SELECT pid, usename, application_name, client_addr, state, query FROM pg_stat_activity WHERE state <> 'idle';

On the Replica Node:

SELECT * FROM pg_stat_wal_receiver;

SELECT * FROM pg_stat_replication;

To identify and optimize long-running queries that might be consuming a lot of memory:

SELECT pid, age(clock_timestamp(), query_start) AS age, usename, query FROM pg_stat_activity WHERE state <> 'idle' ORDER BY age DESC;

To identify and address bloat, install the pgstattuple extension:
```
CREATE EXTENSION pgstattuple;
```

To check bloat:

SELECT schemaname, tablename, pg_size_pretty(pg_total_relation_size(relid) - pg_relation_size(relid)) AS bloat_size FROM pg_stat_user_tables ORDER BY bloat_size DESC;

The client was asked to monitor and optimize long-running queries and ensure that transactions were properly closed, as PostgreSQL retains memory for unfinished transactions.

Step 4 – Error Identification and Fixes:

During the analysis, the expert team found frequent occurrences of two specific errors in the logs:

ERROR: could not obtain lock on row in relation 'ac1_control_p1': This indicated a locking issue in PostgreSQL, where concurrent queries were attempting to access the same row. This can indirectly lead to increased memory usage, as transactions wait in memory to acquire the necessary locks.
ERROR: duplicate key value violates unique constraint 'service_monitoring_pk': This error suggested application-level issues with duplicate data insertion, which could lead to memory pressure due to frequent rollbacks and retries.

The experts recommended analyzing and resolving these errors by optimizing the query logic and adjusting the database’s locking behavior:

If the ac1_control_p1 table is very large, then partitioning can improve performance, which will divide the table into physical chunks of the data portion.
Optimize queries to reduce their execution time, which is frequently accessing/modifying the ac1_control_p1 table.
Implement proper concurrency control mechanisms: In applications with high concurrency, implementing appropriate locking mechanisms can prevent deadlocks and improve performance.
Adjust PostgreSQL configuration parameters related to shared buffers (shared_buffers) and work memory (work_mem) based on workload. Apply the recommended values for these parameters.

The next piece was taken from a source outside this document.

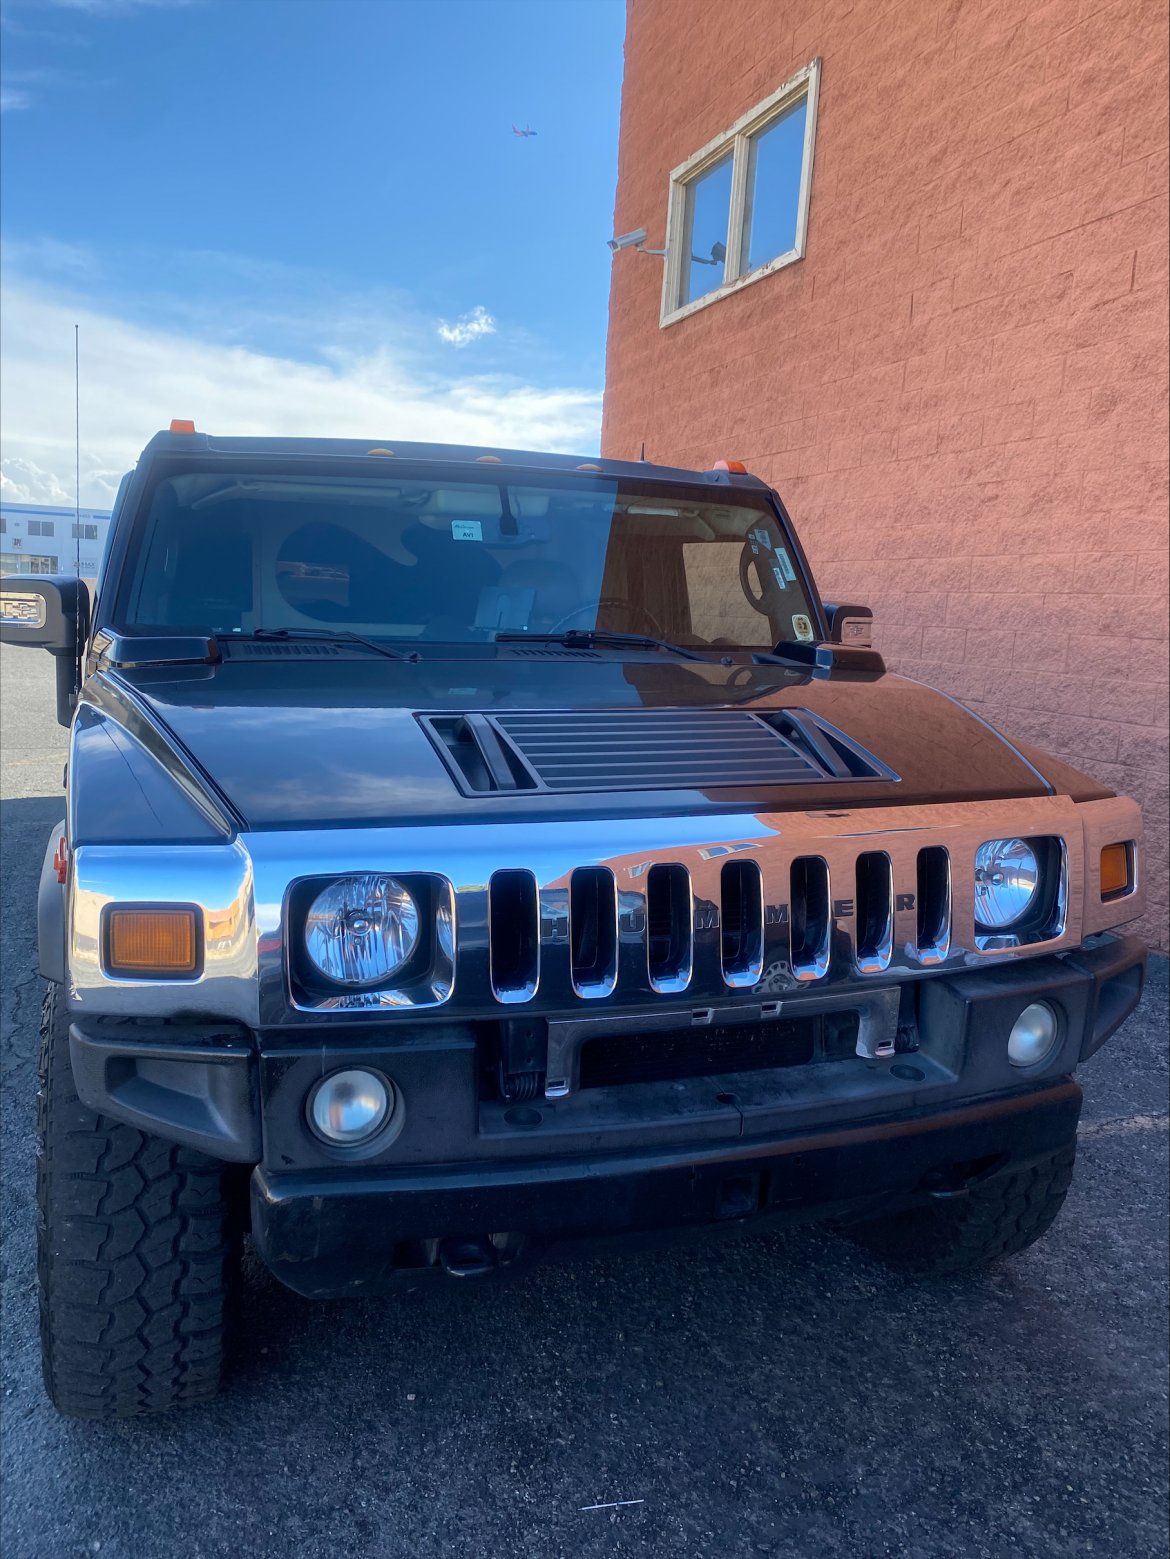 SUV Stretch for sale: 2006 Hummer H2
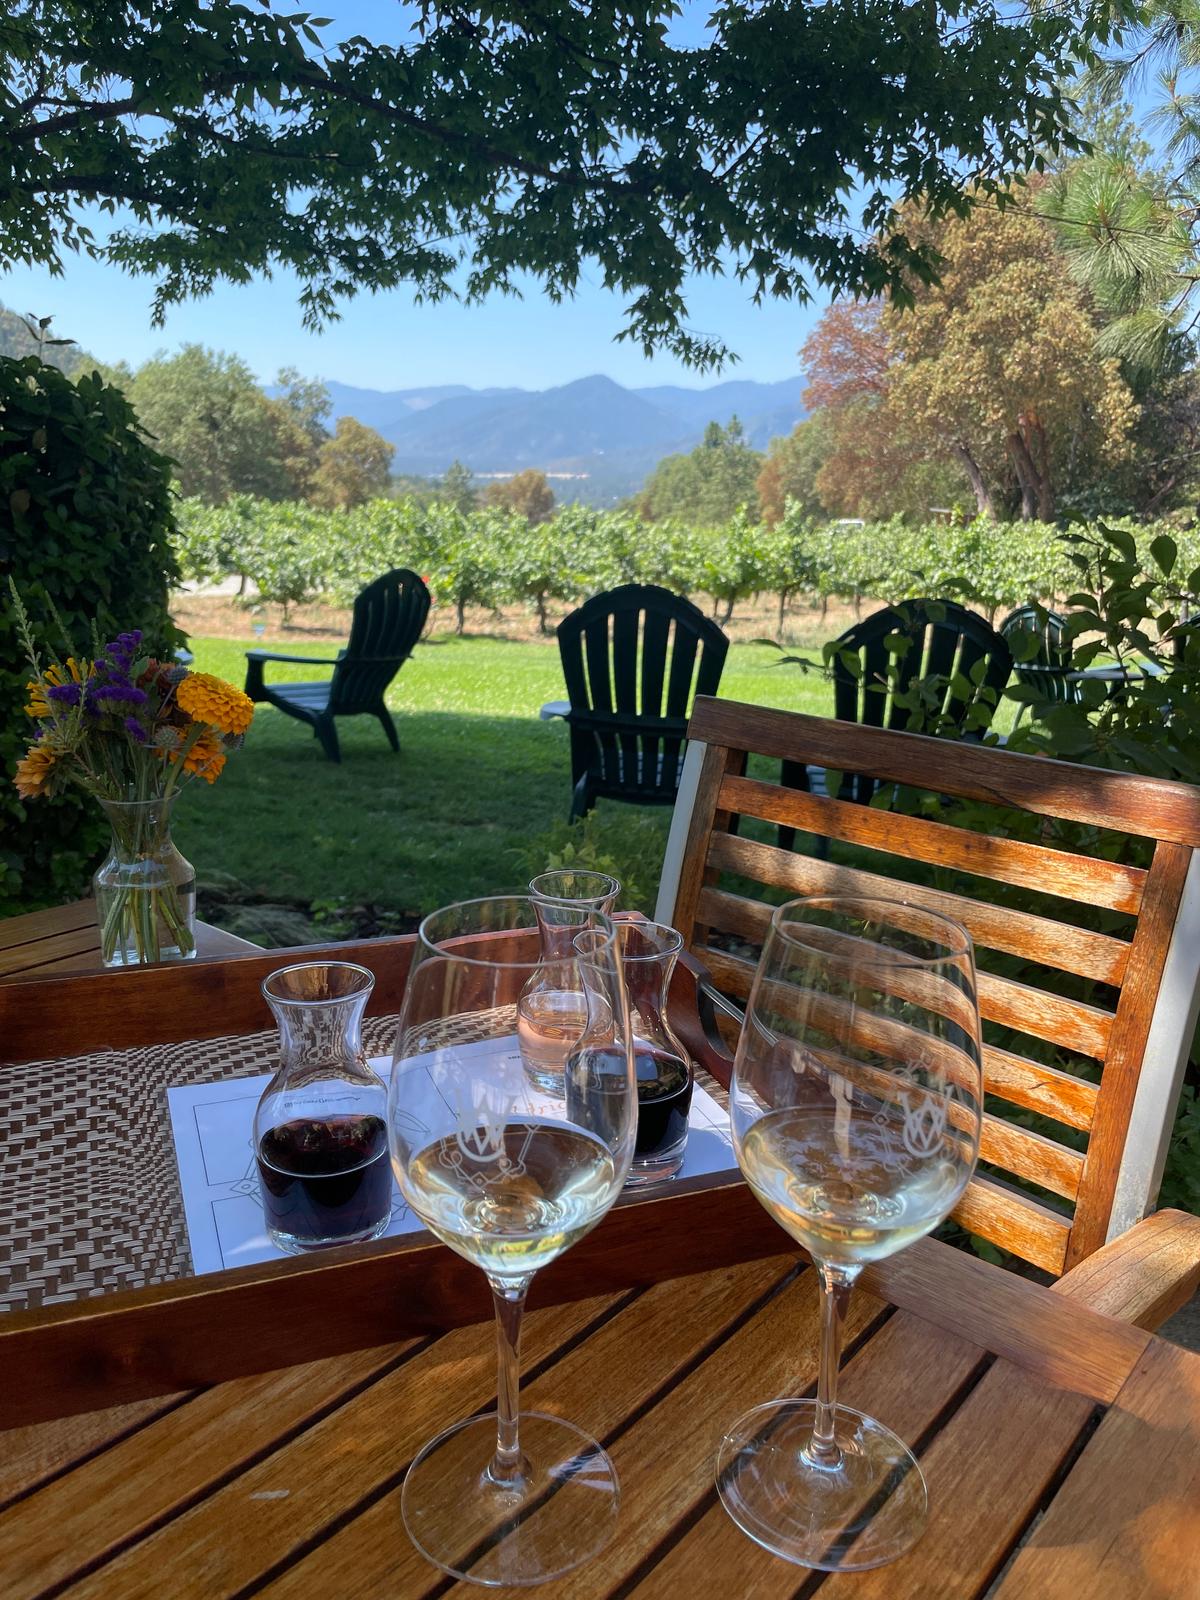 The lush view from a wine tasing table at Wooldridge Creek Winery in southern Ore. (Janna Graber)

Step 5 – Configuration Review and Resource Tuning:

The PostgreSQL configuration files were reviewed, and the expert team suggested several optimizations:

Reducing the maximum number of connections from 5000 to a more reasonable number (e.g., 3000), unless high concurrency was necessary.
Adjusting memory-related parameters such as shared_buffers, work_mem, and maintenance_work_mem to ensure optimal memory utilization.
Regularly running VACUUM and REINDEX commands to reclaim space and reduce table bloat.

The client was also advised to implement proper concurrency control mechanisms and partition large tables, such as the ac1_control_p1 table, to improve performance and reduce memory consumption.

Solution:

By addressing the identified errors, optimizing query behavior, and adjusting PostgreSQL configuration settings, the expert team helped the client manage memory consumption more effectively. Key actions included:

Closing transactions properly to reduce memory retention by PostgreSQL.
Monitoring and optimizing long-running queries.
Resolving locking issues by reviewing and adjusting the locking strategy for specific queries.
Reducing the maximum number of connections to alleviate memory pressure.

Conclusion:

The expert team’s thorough investigation and targeted optimizations successfully resolved the memory consumption issues in the client’s PostgreSQL cluster. By addressing query behavior, optimizing resource usage, and implementing better concurrency control, the system’s overall performance was stabilized. The client can now operate the PostgreSQL cluster efficiently with reduced memory usage and improved reliability.